My first pass at an outline for the story took the form of Discord popping in on each of the Mane 6 and just presenting them with a button and tempting them to push it. And as it happened with Twilight Opens a Door, Discord helped shape the story without appearing in the final version. Go figure. Actually, very little from this first pass survived to the final, but I spent time thinking about how each character would act in the situation and that informed my character decisions later. Like, I imagined Rarity wouldn't care so much about the button itself as she'd care about what everypony else is doing because she's sensitive to group trends, and Twilight would naturally drive herself mad with indecision. Pinkie Pie would press it immediately of course.
A button by itself isn't exactly sci-fi though.
While the Facility provides a sci-fi set dressing, I like to think that what makes this story a work of Science Fiction (and why I love sci-fi as a genre) is how I used the setting to express a bigger idea. Ideas about compliance, complacency, alienation, and agency are important to me, and have been on my mind a lot, especially as I was writing this story, because of the burnout I was suffering at my job. That's as personal as I want to get about it, but things are improving now.
I wrote the first draft in one sitting. It was very extemporaneous. I picked a couple characters (started with AJ and Rarity) and put them in a sterile location (the elevator) where it was a normal boring day like every other normal boring day. But today something was different (Rarity missed her usual stop) yadda yadda establish the big red button, and scene. Yadda yadda, Twilight twigging-out, the end. I passed it to Sparkling Twilight for a preread, for which I'm very grateful for, and the brief conversation we had about it gave me all the feedback I needed to make some last-minute edits (deleted a scene, added a scene, moved a scene) before publishing and submitting to the contest only hours before the deadline.
I feel bad about the scene I cut. It was Pinkie Pie and Fluttershy in a room of buttons that light up and essentially play Conway's Game of Life. It was a bit of fluff. Sparkling Twilight liked it but did recognize it didn't quite work. I'll let past-me from our conversation sum it up:
I'm very conflicted about this scene myself. As I mentioned, it's my least favorite (I really only wrote it because I felt the need to include all of the mane 6 and had no other ideas for what to do with these two). But I guess there is something to like about it, and as I also mentioned, it helps to balance the tone of the ending.
Moving AJ's scene helped balance the ending, I think (the alternative was to follow directly after RD's scene, which didn't feel right to me), and giving Rarity her own scene at the start filled out the story to a reasonable length (writing in the 2-3k word range is apparently my sweet spot). All while keeping the narrative lean and focused (I'm nothing if not a parsimonious writer. ...when I'm even a writer. )

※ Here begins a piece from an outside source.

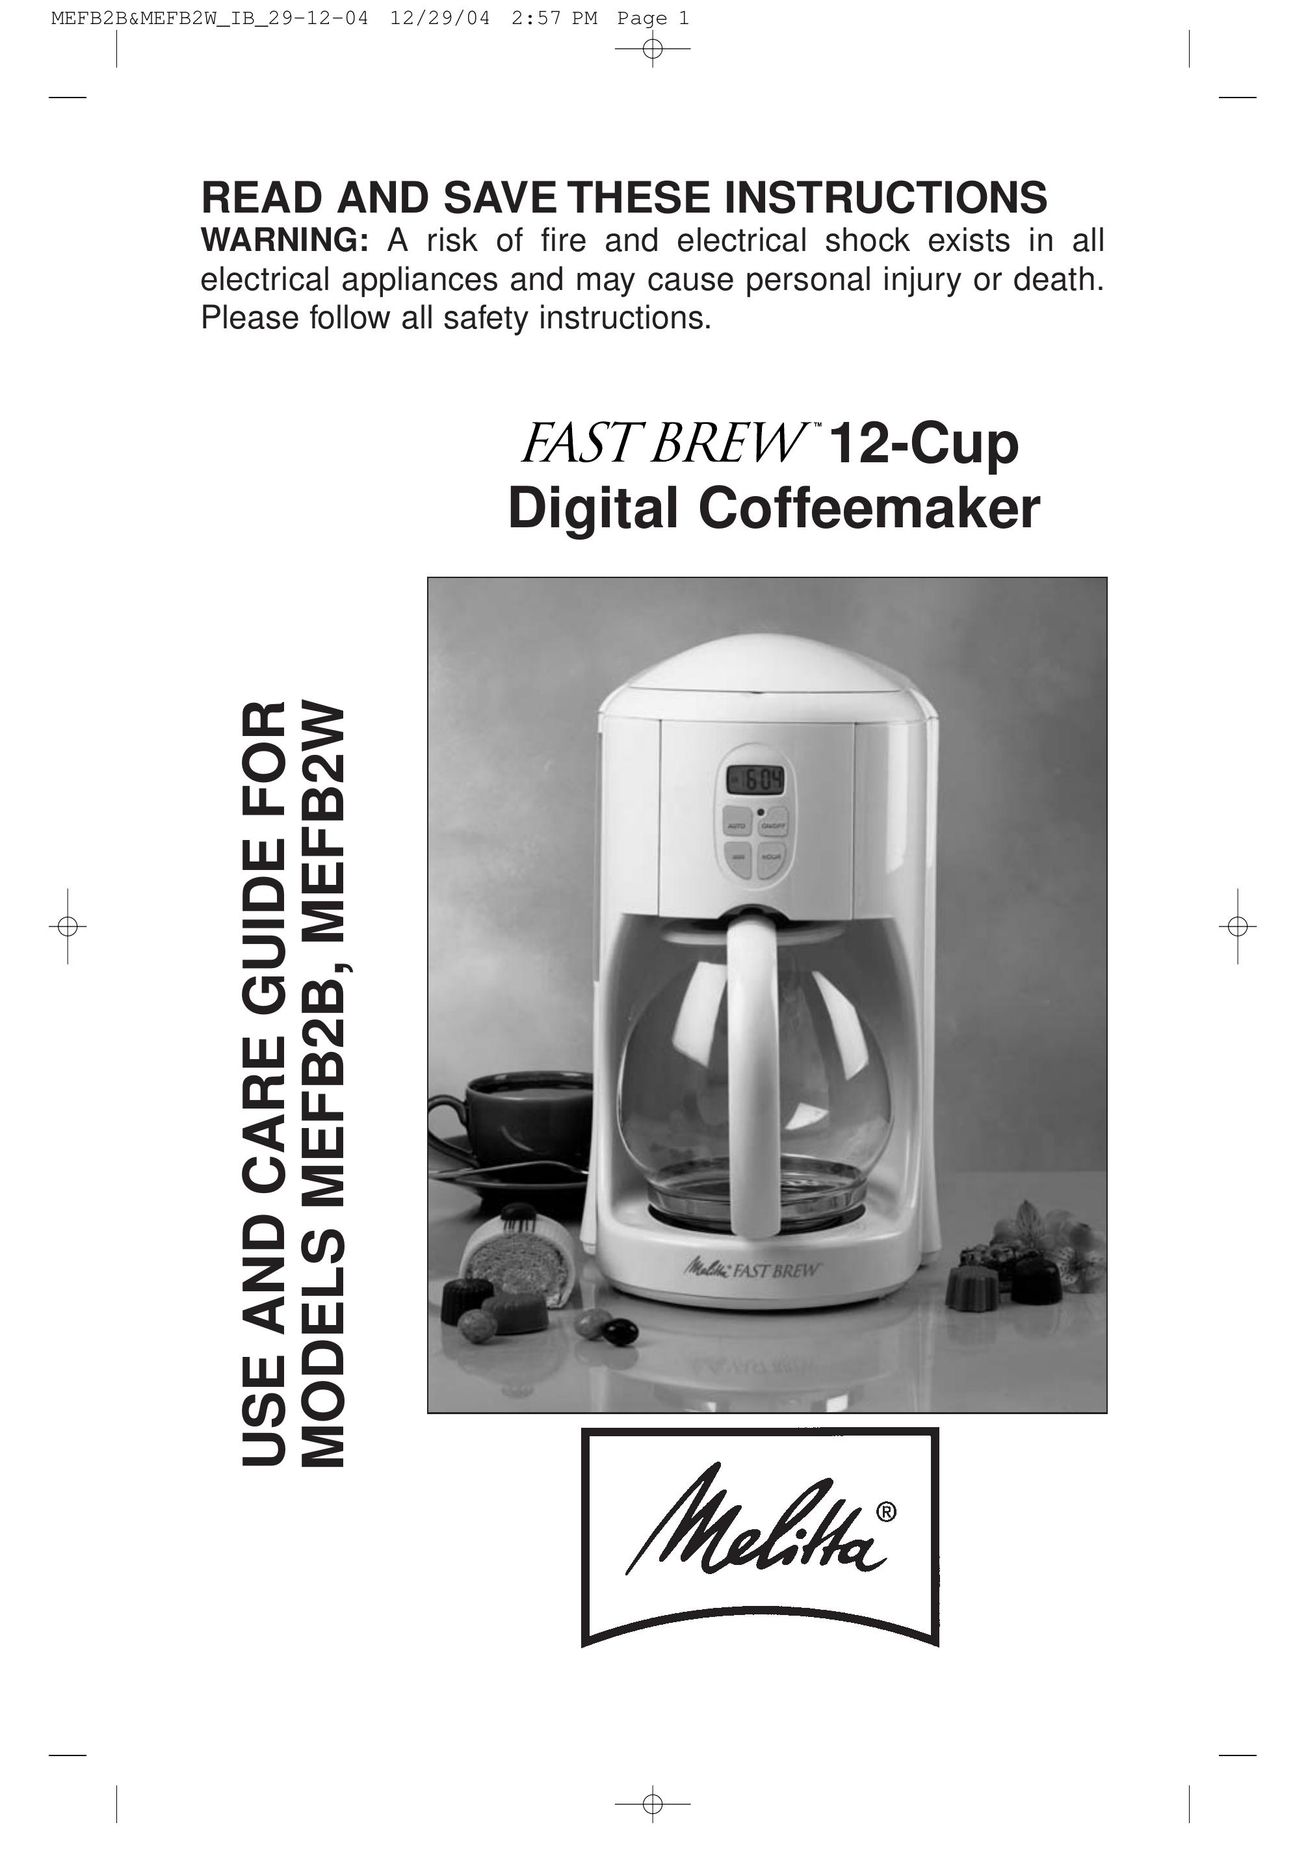 Toastmaster MEFB2B Coffeemaker User Manual

I had fun writing this story. It's a weird-ass anti-plot where everything happens by coincidence, nothing is explained, and the characters lack all agency. ...They lack agency until a crucial moment: when the cover unlocks and the big red button is just sitting there, staring them in the face. There's a satisfaction that comes just from the act of pushing a button. Just look at the market for keyboard switches. (I do love me some proper clacky-clacky keys when I type.)

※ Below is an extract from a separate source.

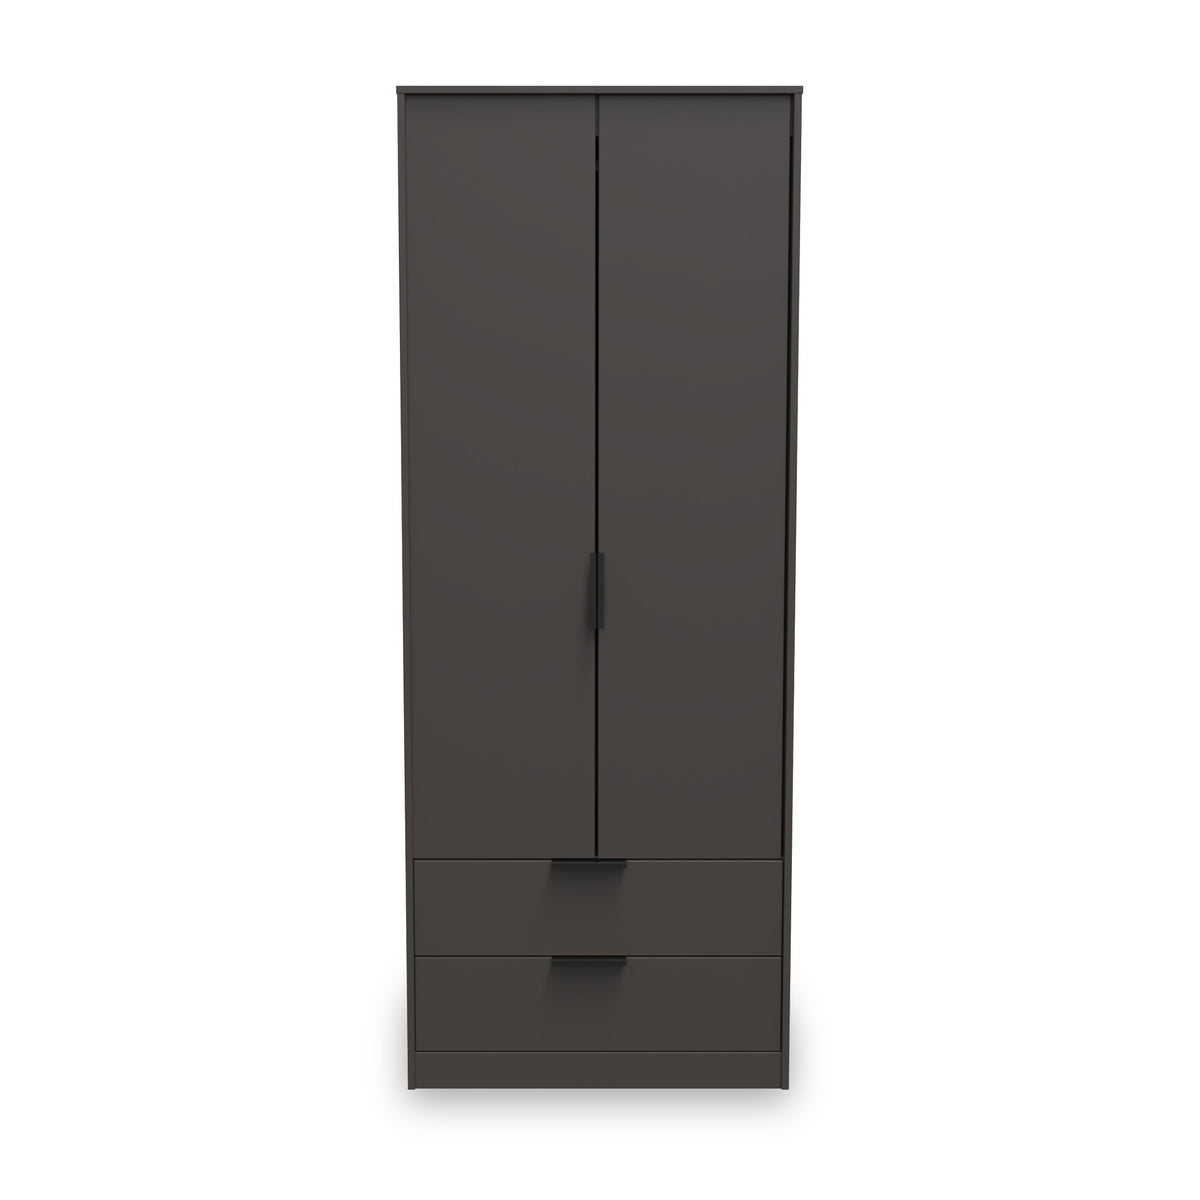 Moreno Graphite Grey 2 Door 2 Drawer Double Wardrobe from Roseland furniture

I did not expect to win anything in the contest. I had fun, and I like what I wrote, but compared with what I was up against
I've been struggling to getting back to work on AI Misadventures. This has mostly just been me being unmotivated (related to aforementioned burnout), however there were some tricks I employed to get myself to sit down and actually write The Button, and when I'm feeling up to it, I'll do the same and get more UniVAC published. It'll go quickly once I get started.